На минуту и селезень, и окружающие его герои примолкли, наблюдая, как вдоль по улице по направлению к конторе Эдуарда Гаврилыча, размахивая кривым ятаганом, помчался одетый по-восточному молодой человек.
— Да, — возвращаясь к прерванной теме, проговорил селезень, — теперь вы видите, что надзор над нами осуществляют типы крайне антиобщественные, самим фактом своего существования оскорбляющие наши легкоранимые героические души. Так доколе, я спрашиваю, доколе мы будем терпеть оскорбления? Не пора ли потребовать сатисфакции?
Толпа, окружающая селезня, молчала, переглядываясь сама с собой.
— Не пора ли потребовать ответа у зарвавшихся тиранов? — усомнившись в лингвистических познаниях слушателей, поправился селезень.
— Пора! — единой глоткой взревела толпа. — Даешь свободу!
— Даешь свободу! — вместе со всеми закричал и Борисоглебский, который, опьянившись зажигательными высказываниями селезня, совершенно позабыл — зачем и для чего он выехал сегодня на проспект Каплан.
— Вперед! — завопил селезень, когда шум возбужденного сборища немного утих. — Надерем задницу оккупантам! За мной!
И пошел вперед, скоро переваливаясь с боку на бок и Мягко шлепая перепончатыми лапками по нагретой загробным солнцем брусчатке проспекта.
* * *
— Скоро ты там? — нервничал полуцутик, бегая вокруг Никиты, копошащегося во внутренностях кабинки генератора.
— Скоро, скоро, — пропыхтел Никита, показывая из-за полуоткрытой створки перепачканную машинным маслом физиономию.

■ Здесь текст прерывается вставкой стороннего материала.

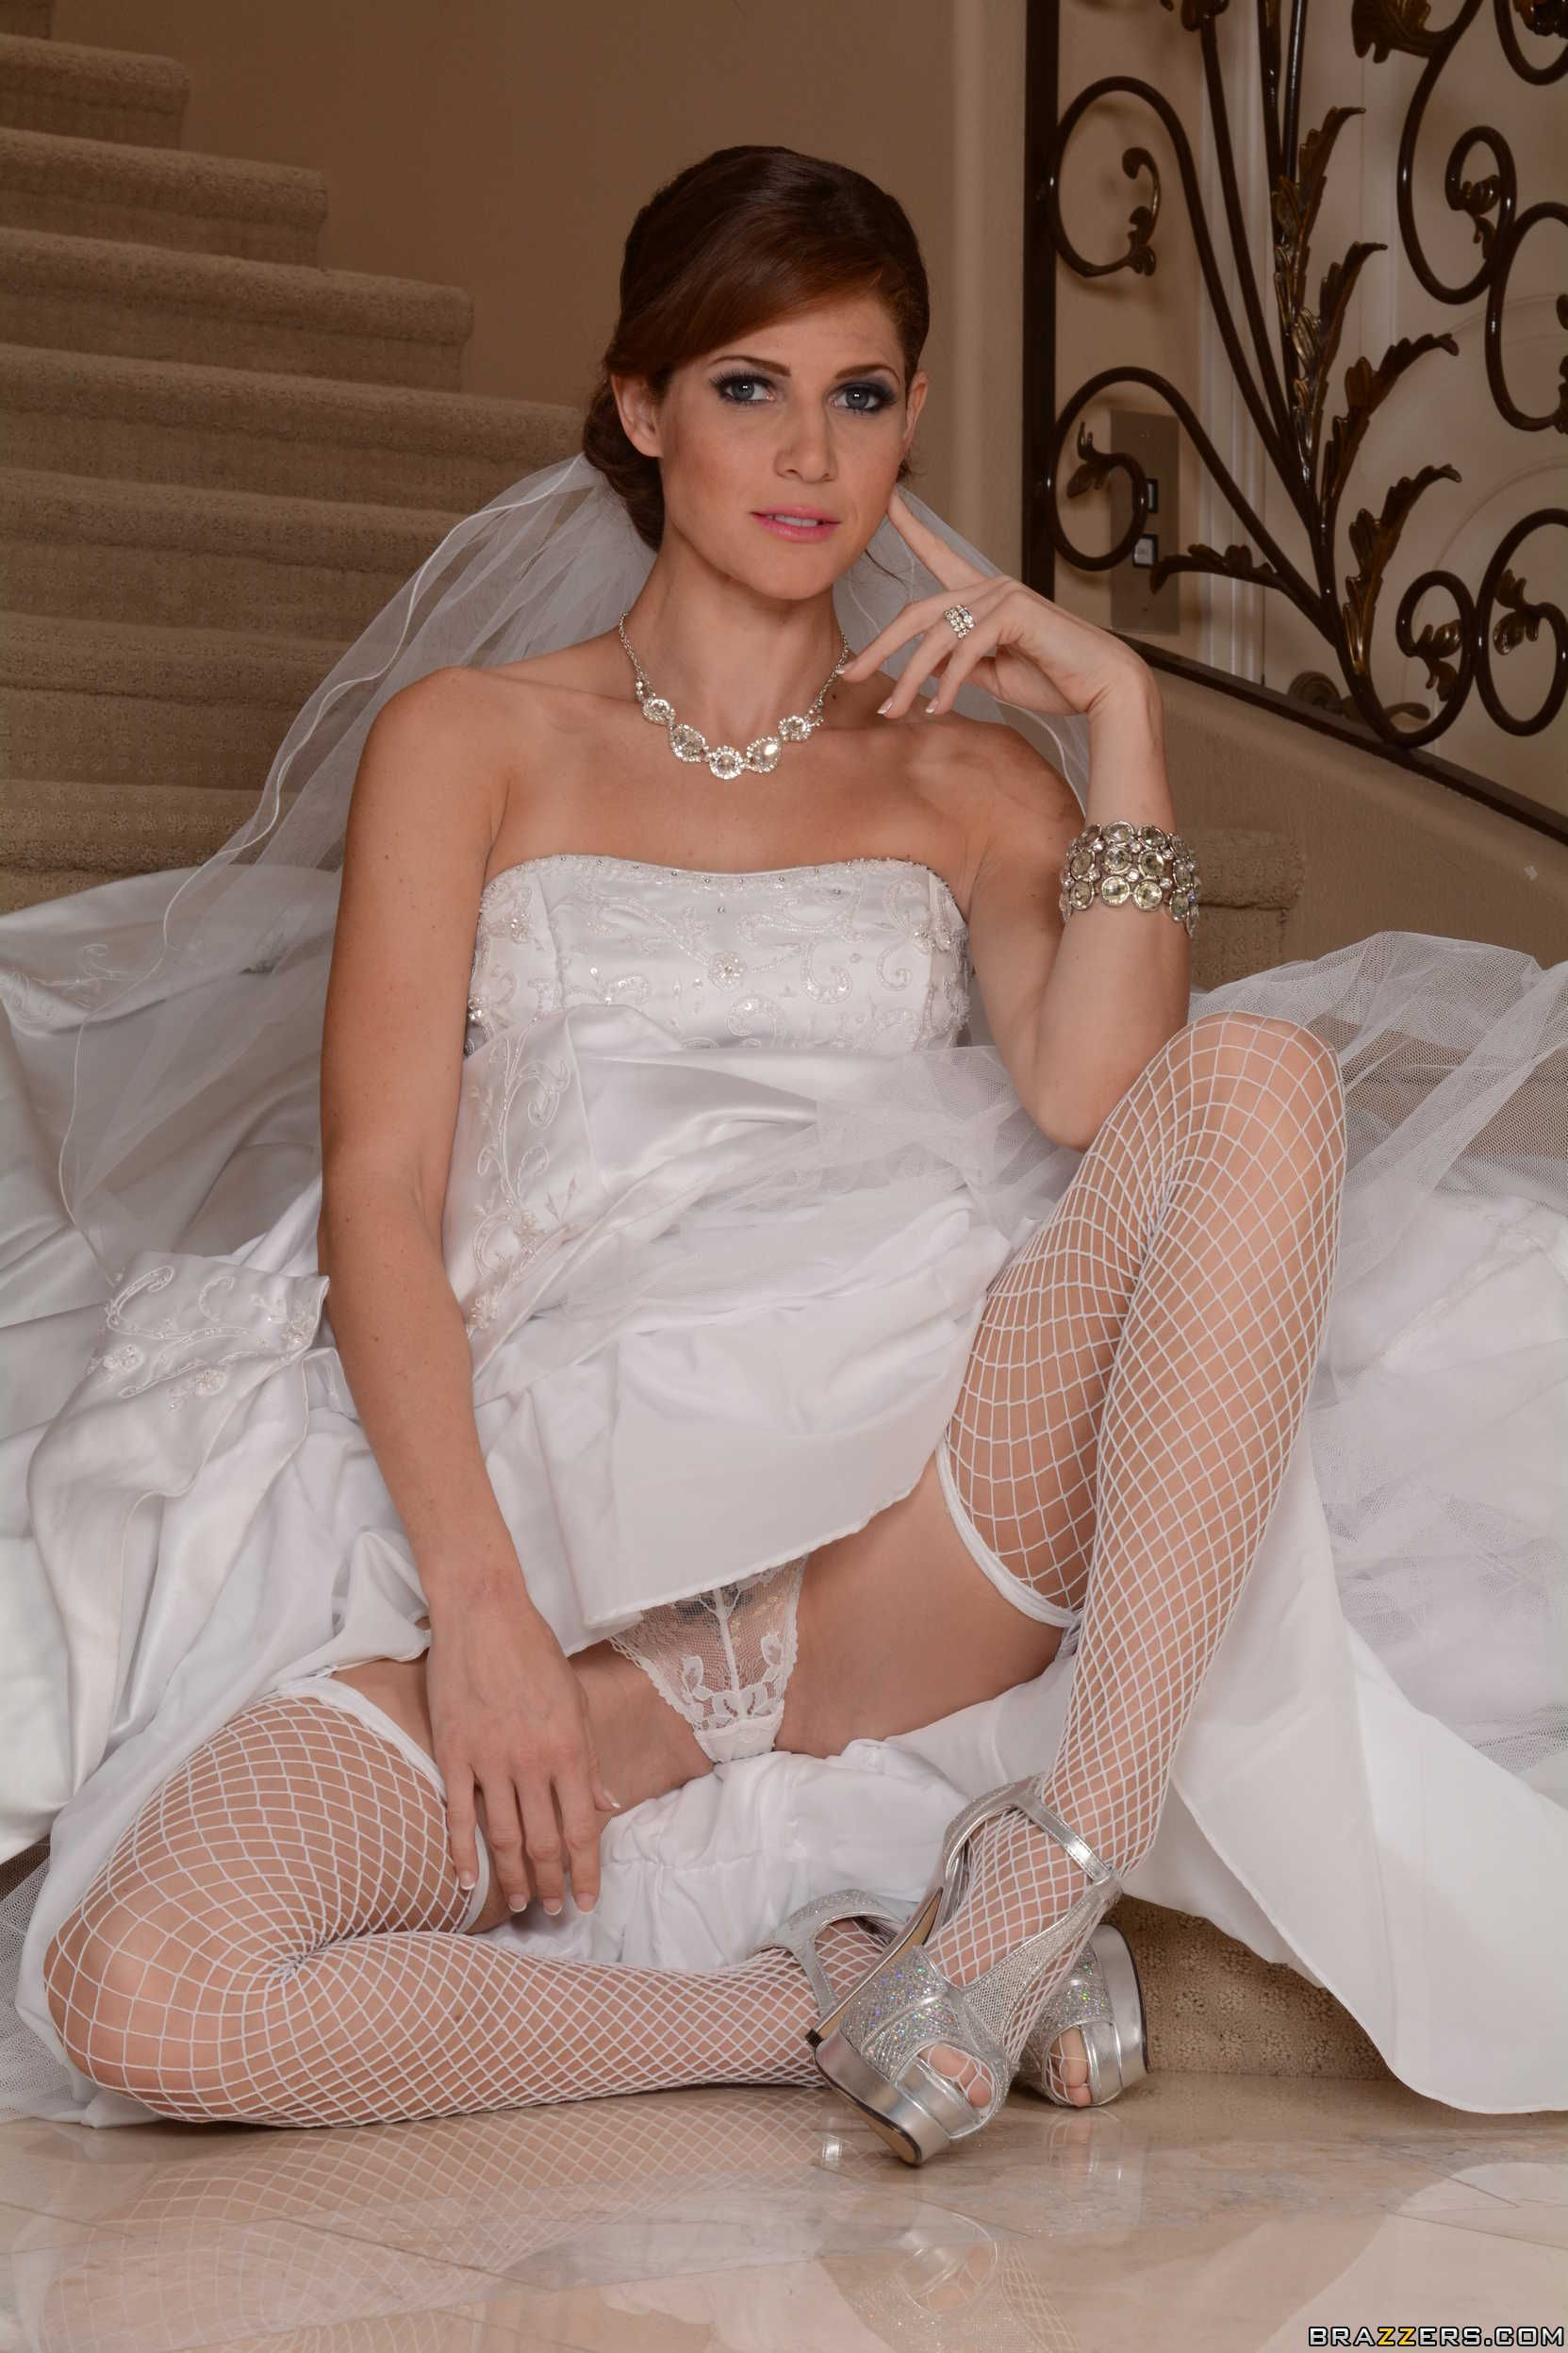 Jenni lee the wedding photographer

— Сам накликал беду, сам теперь возишься, — протараторил полуцутик и вздрогнул, когда сквозь серый туман до него долетел протяжный вой какого-то явно очень недовольного чем-то чудовища. — Давай скорее! Энергии-то генератор наш нааккумулировал достаточное количество? Надо валить отсюда, надо валить отсюда… Давай скорее! Давай скорее!
— Нааккумулировал достаточное количество, — эхом отозвался Никита. — Только настроить надо.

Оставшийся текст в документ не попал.